Google Contributor allows users to pay a nominal fee to support their favourite sites, while removing ads
Google has begun testing a service that allows users to pay a nominal sum in exchange for the removal of advertisements from participating sites.
Google Contributor is intended to address user annoyance over pervasive advertising, and also concerns over ad tracking, since participating sites won’t track user behaviour, the company said.
At the moment, the beta-test service, which is available by invitation only, is running on ten publishing sites, including Mashable, WikiHow, Urban Dictionary and The Onion – sites chosen for their relatively small user base, except for Mashable, which has about 40 million unique visitors per month.

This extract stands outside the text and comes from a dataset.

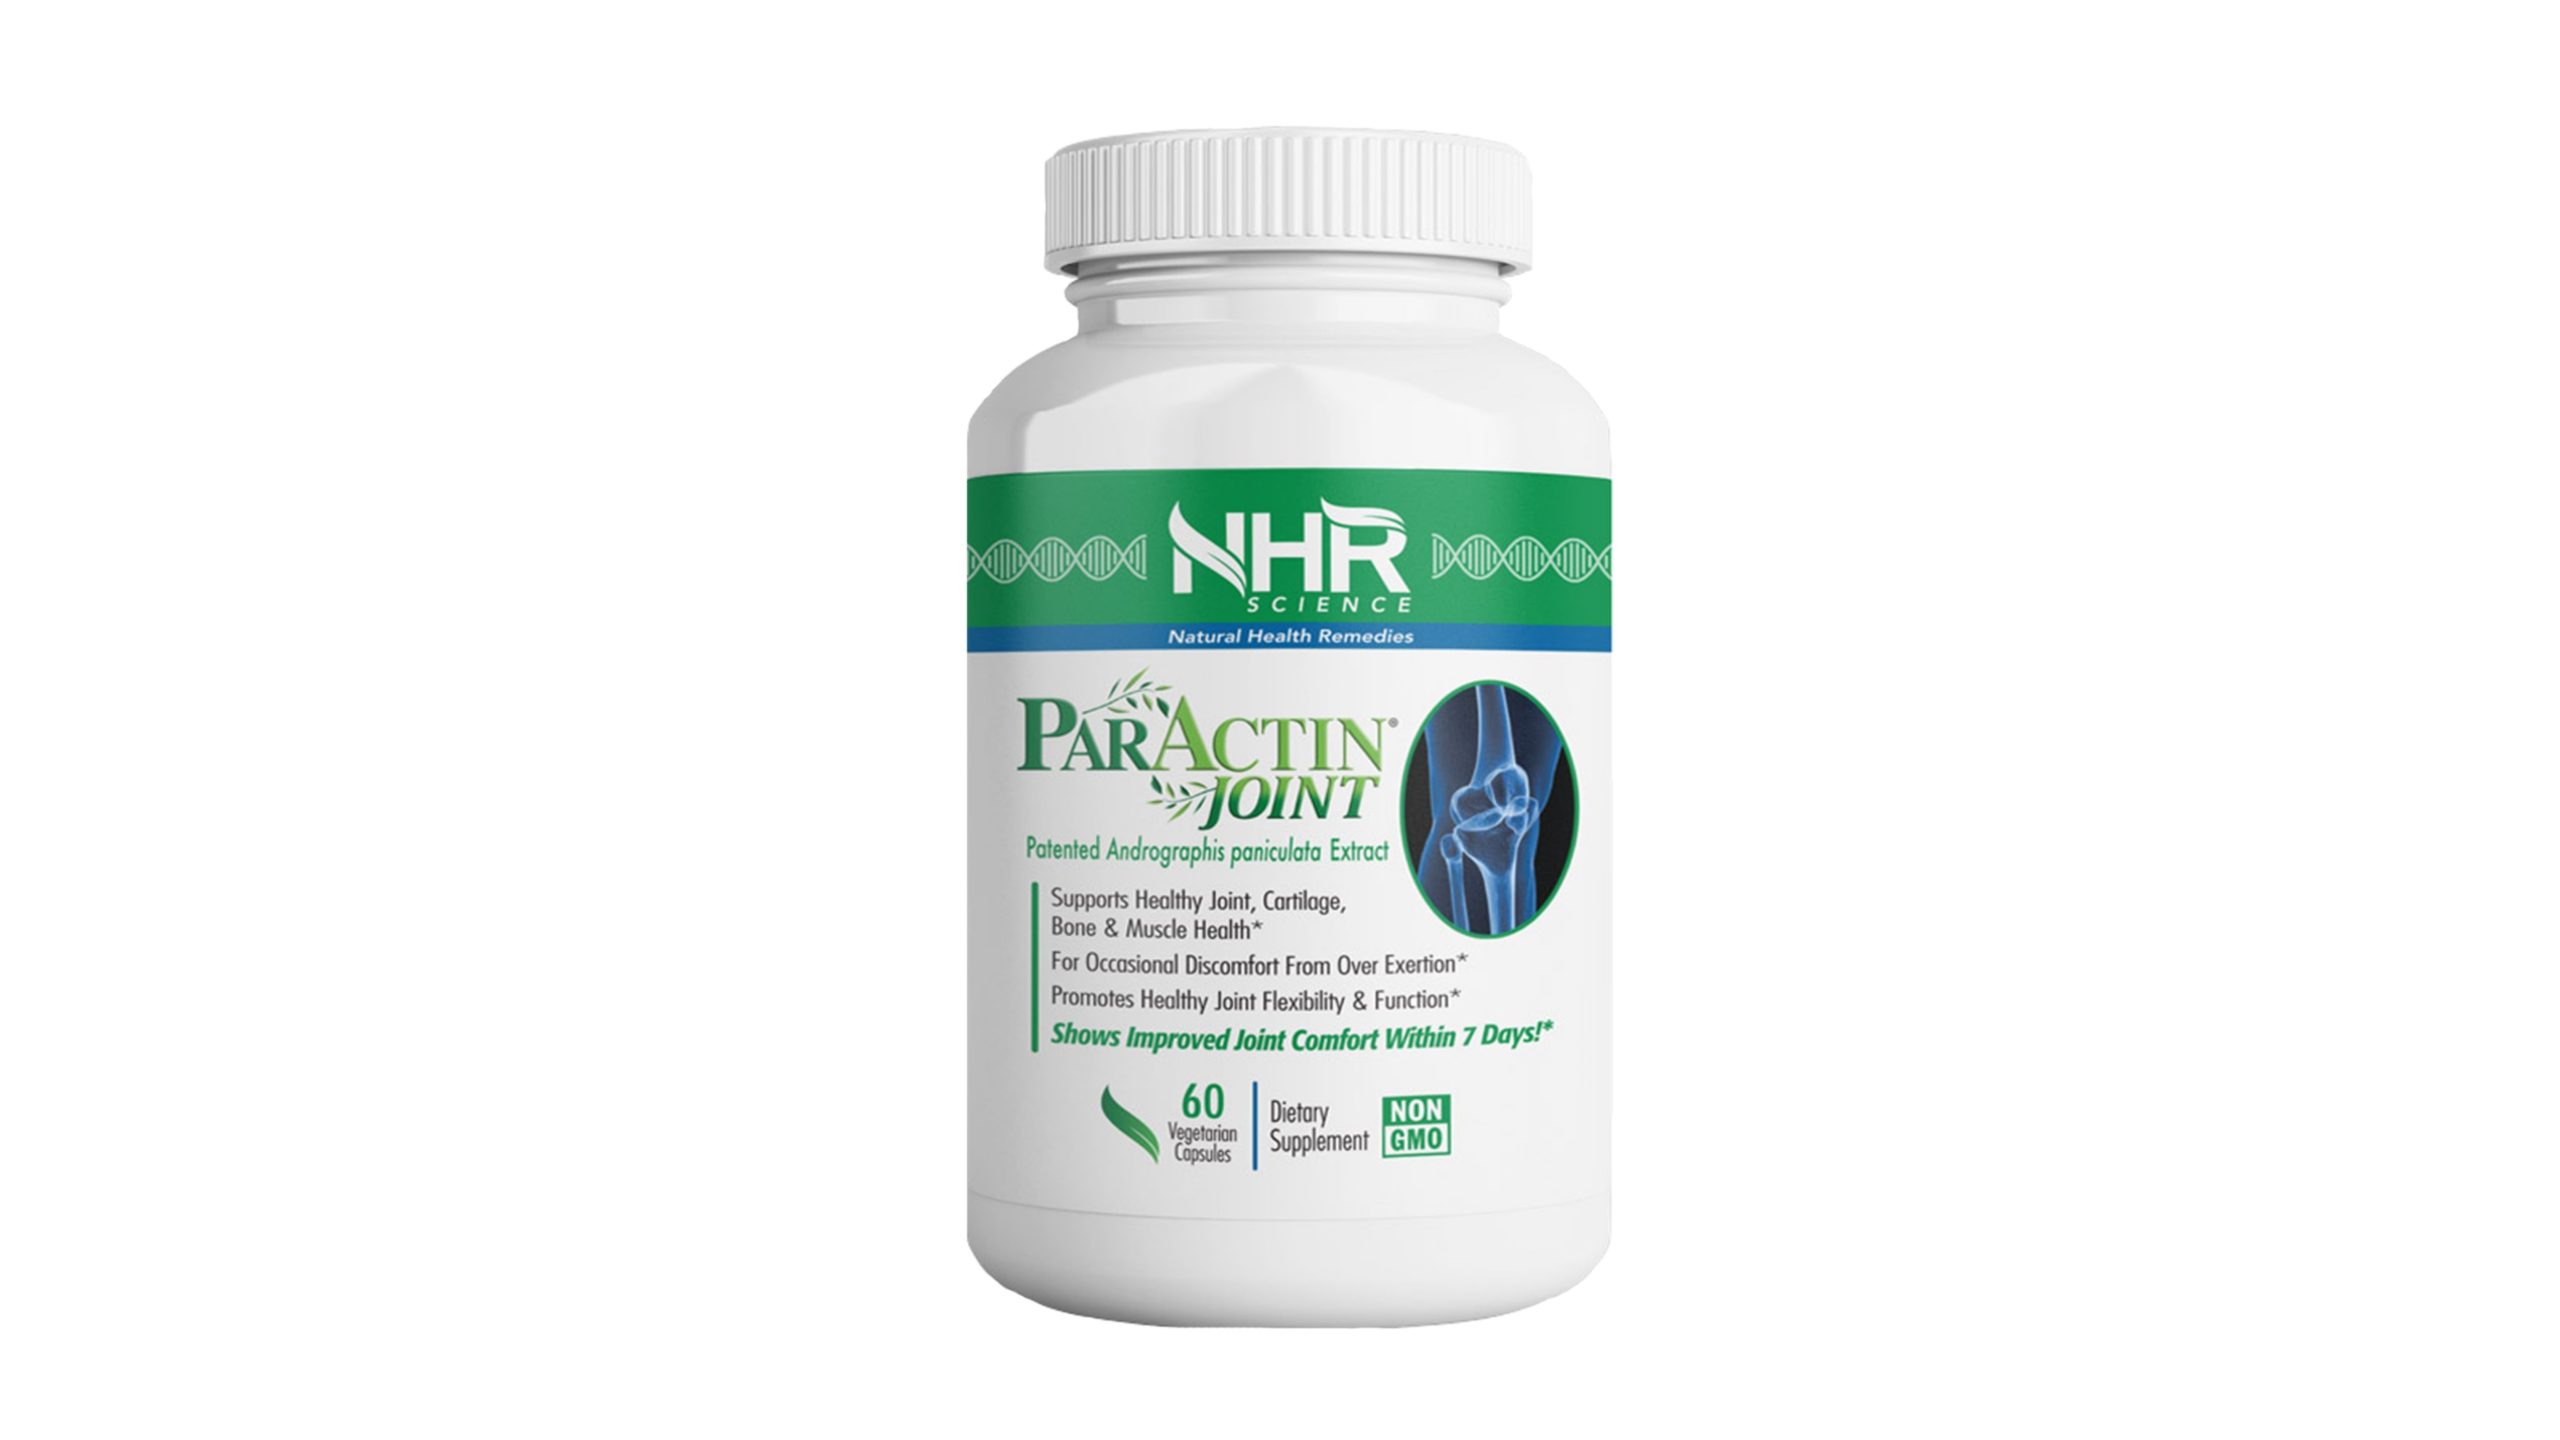 NHR Science ParActin Joint Reviews: Does It Reduce Body Inflammation?

Contributors choose to pay $1 (63 pence), $2 or $3 per month, and in exchange they will see a “thank you” message from the publisher in place of adverts that would previously have been served through Google’s AdSense network. On mobile sites, ads may disappear altogether.

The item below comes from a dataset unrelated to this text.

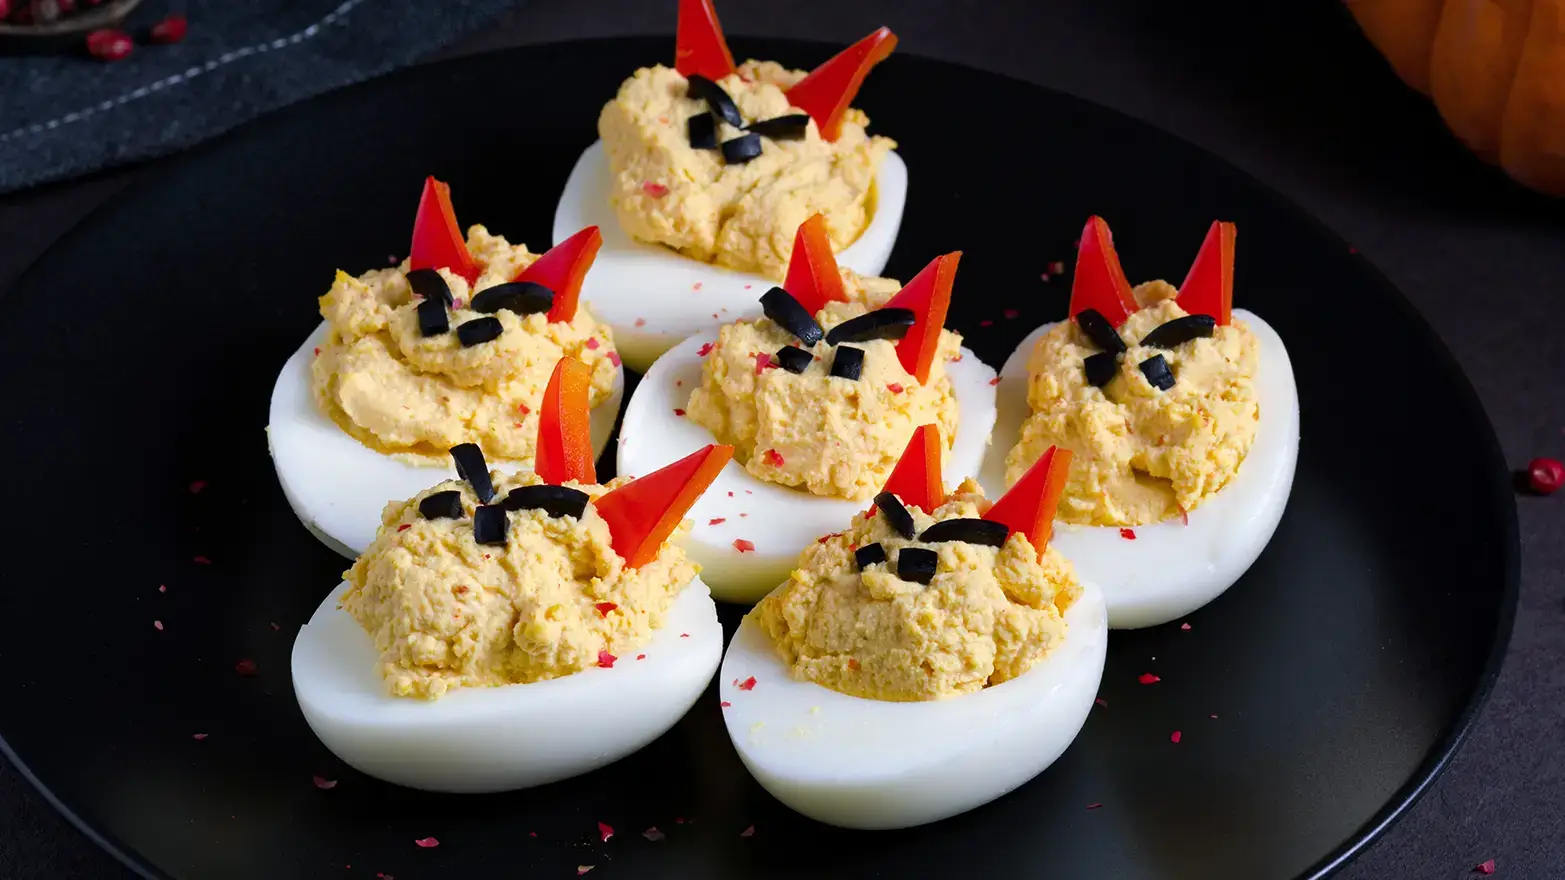 Deviled eggs with angry faces and bell pepper devil horns

Contributions will only go to sites that the user visits and not all participating sites, with Google taking a small cut, making the service a way for users to help support sites they visit frequently.

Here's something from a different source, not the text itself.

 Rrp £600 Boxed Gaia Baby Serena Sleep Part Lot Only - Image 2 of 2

For publishers, Google is pitching the service as another way of earning an income from their user base. Contributions are made through a user’s Google account, and only US sites are taking part in testing the programme.
Google said the programme is currently experimental and could change significantly.
Google earlier this year launched a contribution system allowing users to support YouTube video creators. “Fan Funding” allows viewers to donate between $1 and $500 to a chosen YouTube channel.